→ Task requirements: Please return only the lines from the one with "Il s'agit d'une" through the final line of the data, unchanged, with pictures omitted.

→ Dataset excerpt:
• • •

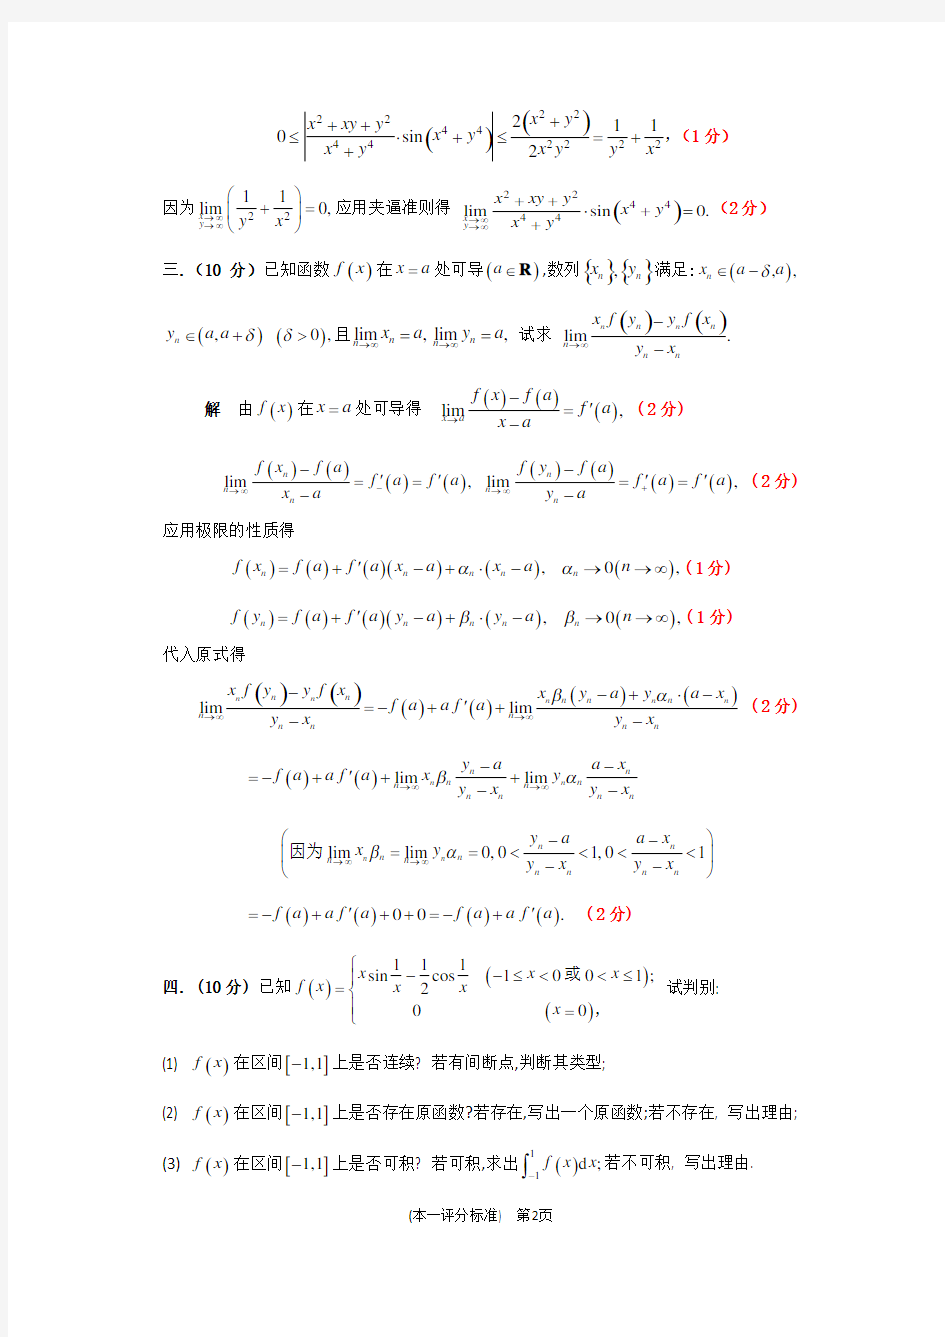 2018年江苏省高等数学竞赛本科一级试题与评分标准
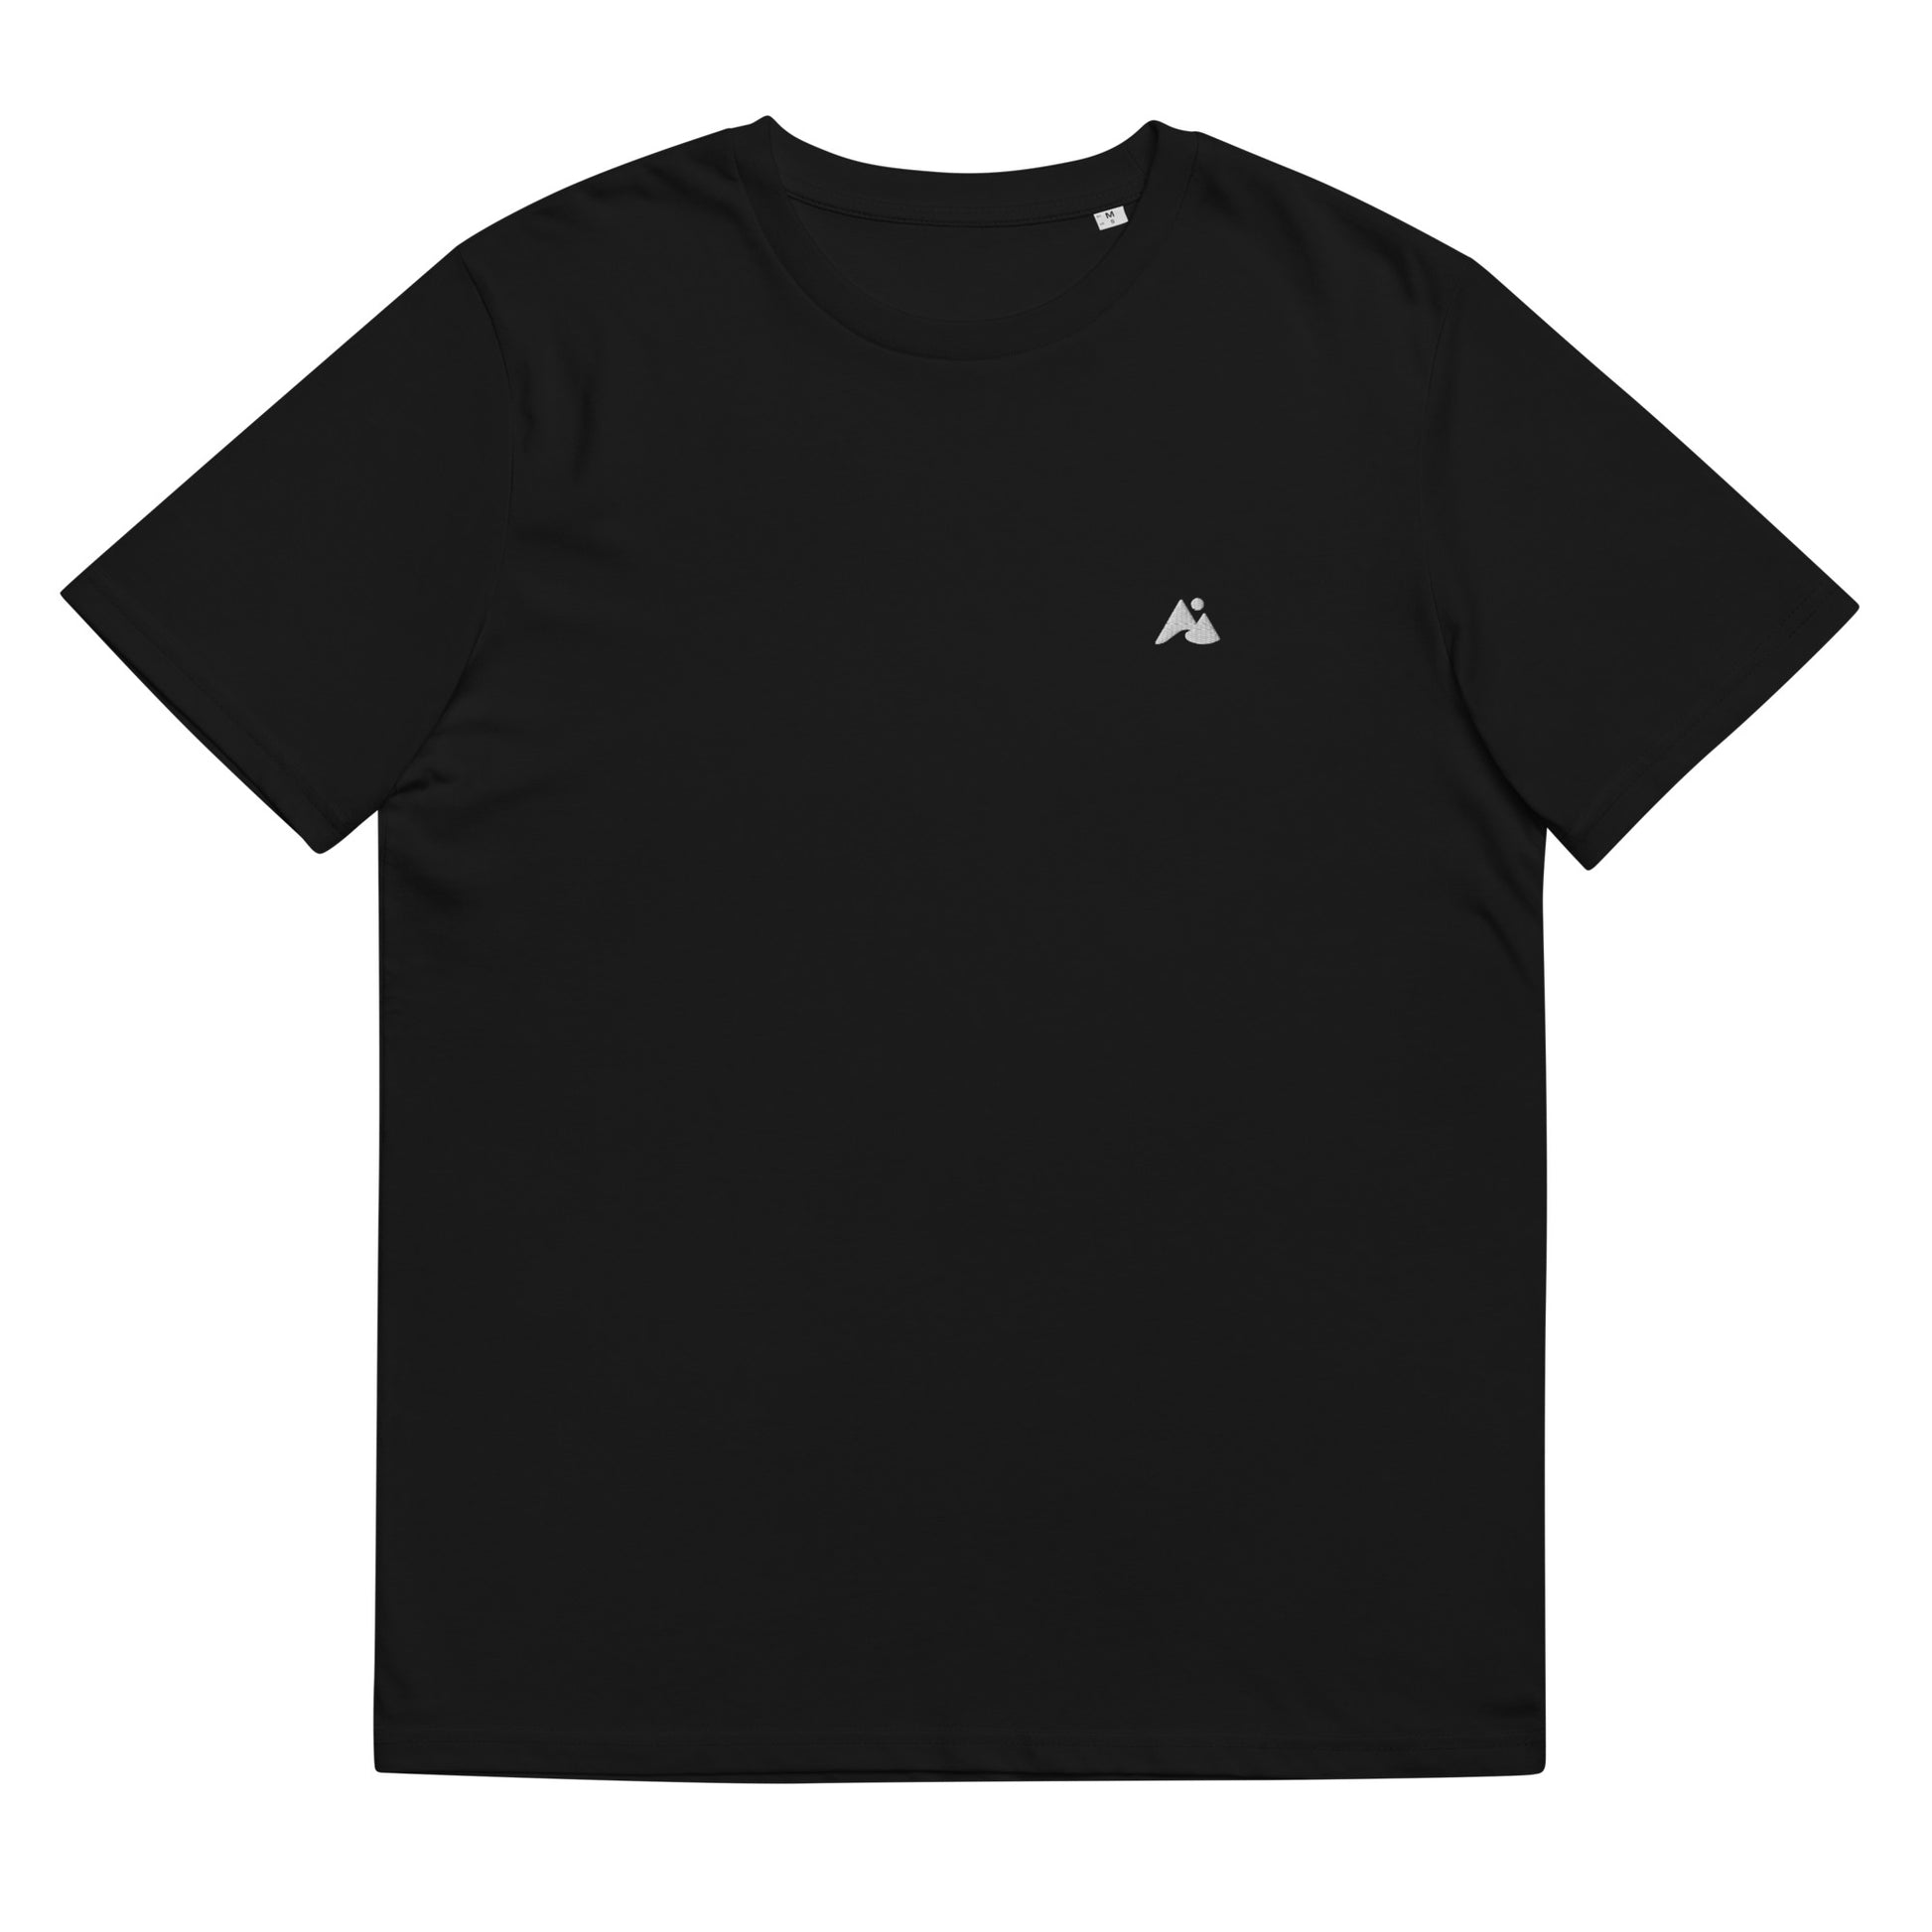 Il s'agit d'une image d'un t-shirt unisexe de couleur noire avec un logo en forme de montagne et de vague blanc sur la poitrine côté coeur. L'image est prise de face et le t-shirt est affiché sur un fond blanc.
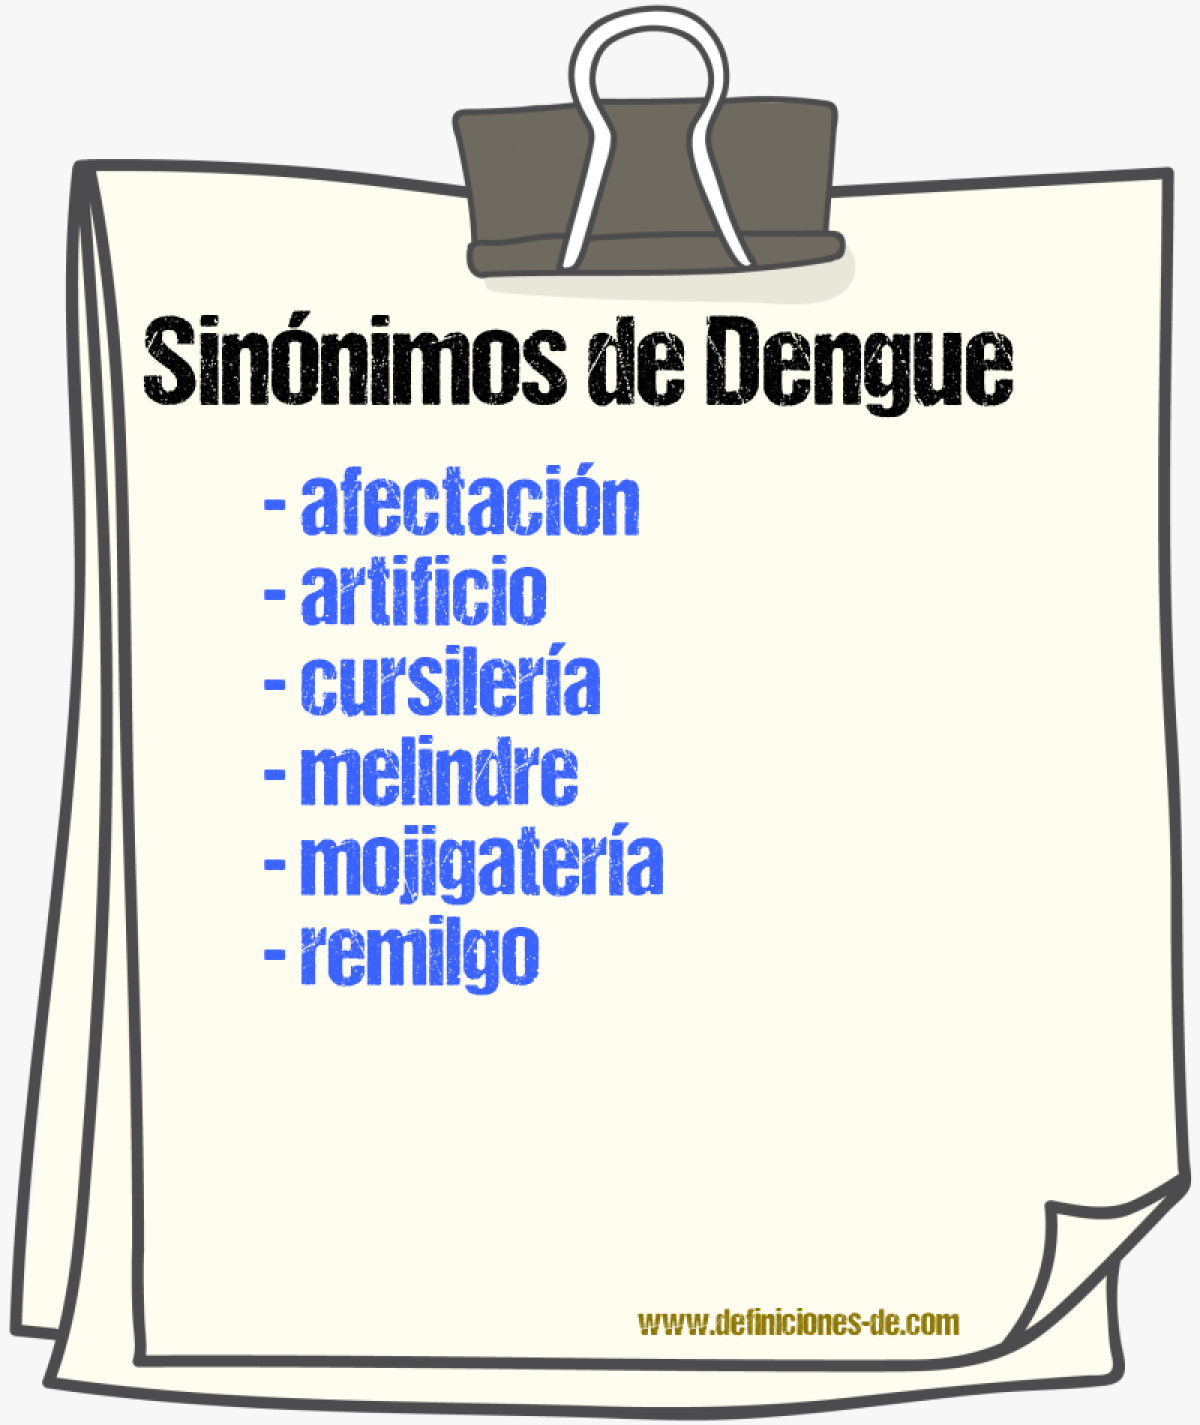 Sinnimos de dengue

• • •

→ Answer space:
 Il s'agit d'une image d'un t-shirt unisexe de couleur noire avec un logo en forme de montagne et de vague blanc sur la poitrine côté coeur. L'image est prise de face et le t-shirt est affiché sur un fond blanc.
 Sinnimos de dengue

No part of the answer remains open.